Integrating Palliative Aware Care for Caregivers of Children Living with Serious Medical Conditions
Children and families affected by serious medical conditions face considerable challenges in navigating the medical and psychosocial aspects of complex chronic illness management. They experience anticipatory grief, isolation, a loss of agency and control, a fear of being misunderstood by their child’s medical team, the burden of decision-making and a fear of decisional regret, all while seeking to be a ‘good parent’ to their child. Palliative medicine principles including an emphasis on serious illness communication and clarification of family values have significant positive impacts on families as they find their way through each step of their journey. While specialty pediatric palliative medicine is available at many institutions, there is also a need to improve palliative-aware skills of all clinicians and expand parent support resources. Freely available digital tools from Courageous Parents Network (CPN; CourageousParentsNetwork.Org) are well-suited to fill this gap, serving as concrete clinical resources for clinicians to help provide anticipatory guidance, as well as a source of perspective for families who care for children with serious medical conditions. These resources are collaboratively developed by clinicians -- who root the content in evidence and clinical expertise -- and parents who add human dimension and illuminate the content with their lived experience as caregivers to their child.

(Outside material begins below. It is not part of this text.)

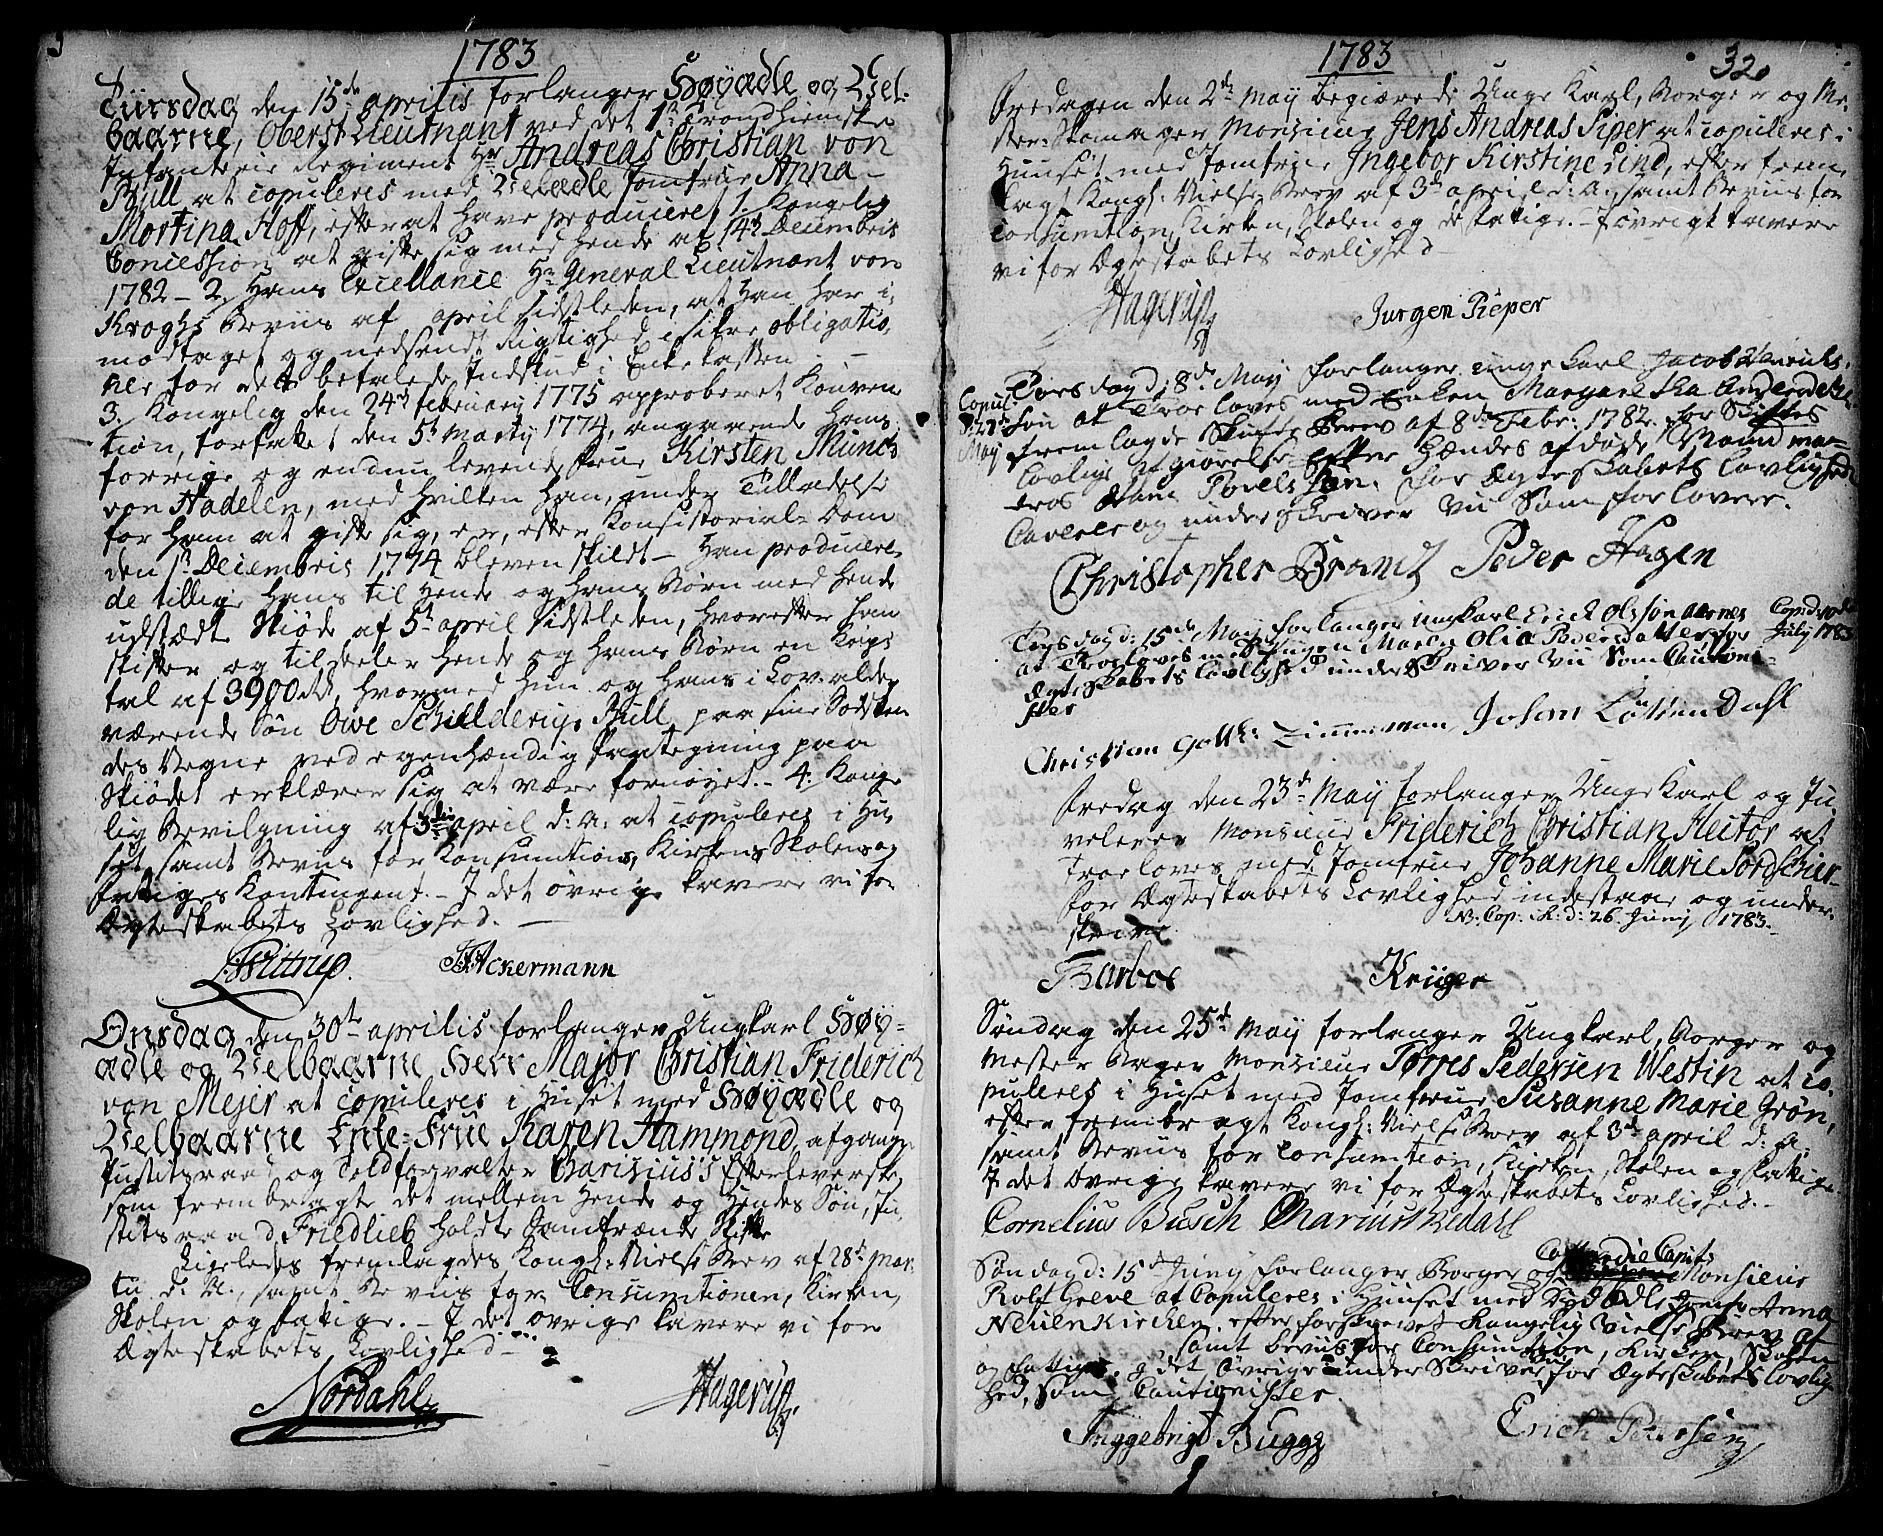 SAT, Ministerialprotokoller, klokkerbøker og fødselsregistre - Sør-Trøndelag, 601/L0038: Ministerialbok nr. 601A06, 1766-1877, s. 320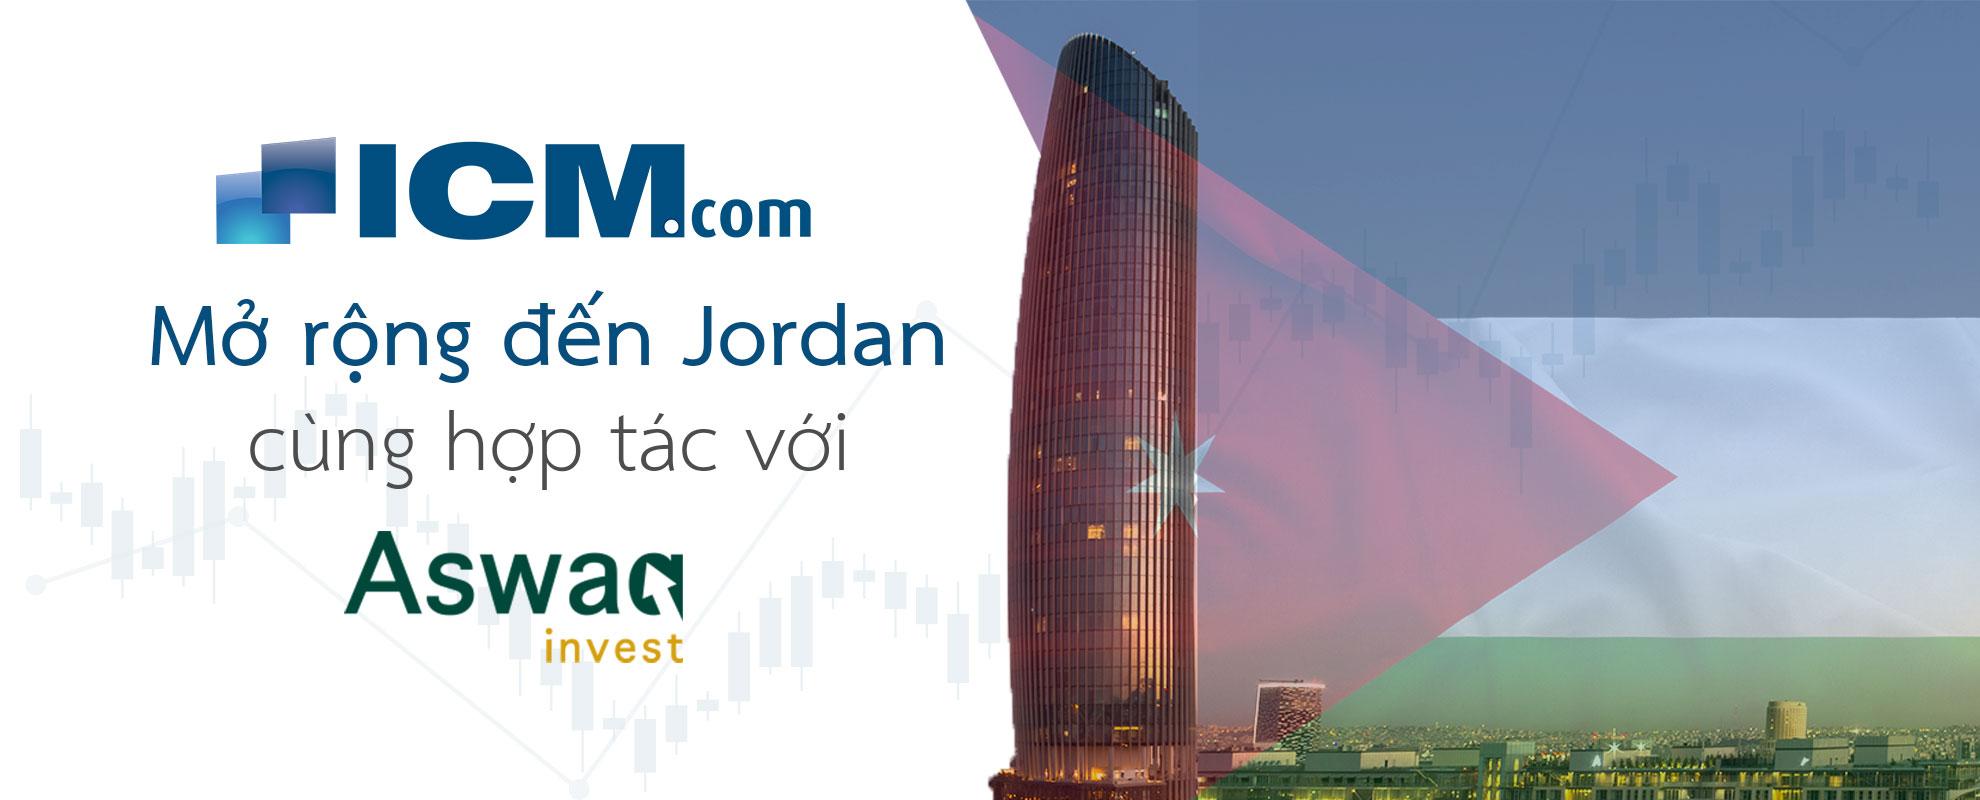 ICM.com tăng cường sự hiện diện ở Trung Đông với Quy định của Jordan

Co-led by two parent caregivers and a pediatric psychologist, Chrissy Salley, Ph.D., CPN’s Director of Clinician Engagement & Outreach, this session will begin with a brief overview of the invisible psychosocial impact of pediatric illness on parent caregivers and the vital role of primary palliative care to fortify them. It will transition to a demonstration of CourageousParentsNework.org, including the Clinician/Educator Portal. Participants will then be divided into 3 breakout rooms (or more if needed), each focusing on a different case. In each group, participants will consider the needs of the child and parents, how best to clinically meet those needs, and how to incorporate the Courageous Parents Network resources into communications and care. These resources will be utilized to help answer 3 key questions about the case. The session will conclude with the participants reconvening to share their primary takeaways and ask questions.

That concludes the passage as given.